= Records drawn from a dataset =
------------------------

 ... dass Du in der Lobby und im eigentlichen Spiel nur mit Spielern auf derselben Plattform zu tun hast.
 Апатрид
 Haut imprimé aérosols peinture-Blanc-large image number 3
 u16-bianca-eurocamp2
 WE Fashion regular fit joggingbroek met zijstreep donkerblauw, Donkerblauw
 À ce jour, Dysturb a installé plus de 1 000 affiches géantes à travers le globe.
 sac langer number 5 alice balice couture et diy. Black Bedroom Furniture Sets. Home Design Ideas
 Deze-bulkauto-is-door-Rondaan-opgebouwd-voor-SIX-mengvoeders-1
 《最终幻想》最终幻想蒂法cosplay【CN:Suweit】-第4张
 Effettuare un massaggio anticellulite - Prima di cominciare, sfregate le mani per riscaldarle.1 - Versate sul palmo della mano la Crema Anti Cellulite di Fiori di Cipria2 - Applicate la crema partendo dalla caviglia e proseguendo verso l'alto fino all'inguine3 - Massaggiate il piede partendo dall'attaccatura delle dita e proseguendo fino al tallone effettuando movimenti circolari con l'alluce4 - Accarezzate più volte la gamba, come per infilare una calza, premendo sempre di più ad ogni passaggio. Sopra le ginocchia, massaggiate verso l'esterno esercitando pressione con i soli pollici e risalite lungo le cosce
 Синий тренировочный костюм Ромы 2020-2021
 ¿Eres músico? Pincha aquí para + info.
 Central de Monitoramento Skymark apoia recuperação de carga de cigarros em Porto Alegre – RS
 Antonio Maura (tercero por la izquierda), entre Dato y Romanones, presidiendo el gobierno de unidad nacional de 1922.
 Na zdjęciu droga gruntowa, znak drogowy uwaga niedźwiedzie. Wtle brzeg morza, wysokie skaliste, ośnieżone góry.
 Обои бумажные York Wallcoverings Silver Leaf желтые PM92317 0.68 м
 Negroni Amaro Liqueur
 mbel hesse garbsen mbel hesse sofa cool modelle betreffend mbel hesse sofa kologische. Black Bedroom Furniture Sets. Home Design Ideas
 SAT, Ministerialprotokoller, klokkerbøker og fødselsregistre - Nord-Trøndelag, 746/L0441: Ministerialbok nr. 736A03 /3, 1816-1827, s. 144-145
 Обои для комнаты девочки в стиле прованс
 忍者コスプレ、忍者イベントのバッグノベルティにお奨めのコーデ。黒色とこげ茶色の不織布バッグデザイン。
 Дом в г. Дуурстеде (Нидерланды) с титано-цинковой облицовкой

------------------------

= Work request =
This calls for repeating all of the records, character for character.

= Response to this task =
 ... dass Du in der Lobby und im eigentlichen Spiel nur mit Spielern auf derselben Plattform zu tun hast.
 Апатрид
 Haut imprimé aérosols peinture-Blanc-large image number 3
 u16-bianca-eurocamp2
 WE Fashion regular fit joggingbroek met zijstreep donkerblauw, Donkerblauw
 À ce jour, Dysturb a installé plus de 1 000 affiches géantes à travers le globe.
 sac langer number 5 alice balice couture et diy. Black Bedroom Furniture Sets. Home Design Ideas
 Deze-bulkauto-is-door-Rondaan-opgebouwd-voor-SIX-mengvoeders-1
 《最终幻想》最终幻想蒂法cosplay【CN:Suweit】-第4张
 Effettuare un massaggio anticellulite - Prima di cominciare, sfregate le mani per riscaldarle.1 - Versate sul palmo della mano la Crema Anti Cellulite di Fiori di Cipria2 - Applicate la crema partendo dalla caviglia e proseguendo verso l'alto fino all'inguine3 - Massaggiate il piede partendo dall'attaccatura delle dita e proseguendo fino al tallone effettuando movimenti circolari con l'alluce4 - Accarezzate più volte la gamba, come per infilare una calza, premendo sempre di più ad ogni passaggio. Sopra le ginocchia, massaggiate verso l'esterno esercitando pressione con i soli pollici e risalite lungo le cosce
 Синий тренировочный костюм Ромы 2020-2021
 ¿Eres músico? Pincha aquí para + info.
 Central de Monitoramento Skymark apoia recuperação de carga de cigarros em Porto Alegre – RS
 Antonio Maura (tercero por la izquierda), entre Dato y Romanones, presidiendo el gobierno de unidad nacional de 1922.
 Na zdjęciu droga gruntowa, znak drogowy uwaga niedźwiedzie. Wtle brzeg morza, wysokie skaliste, ośnieżone góry.
 Обои бумажные York Wallcoverings Silver Leaf желтые PM92317 0.68 м
 Negroni Amaro Liqueur
 mbel hesse garbsen mbel hesse sofa cool modelle betreffend mbel hesse sofa kologische. Black Bedroom Furniture Sets. Home Design Ideas
 SAT, Ministerialprotokoller, klokkerbøker og fødselsregistre - Nord-Trøndelag, 746/L0441: Ministerialbok nr. 736A03 /3, 1816-1827, s. 144-145
 Обои для комнаты девочки в стиле прованс
 忍者コスプレ、忍者イベントのバッグノベルティにお奨めのコーデ。黒色とこげ茶色の不織布バッグデザイン。
 Дом в г. Дуурстеде (Нидерланды) с титано-цинковой облицовкой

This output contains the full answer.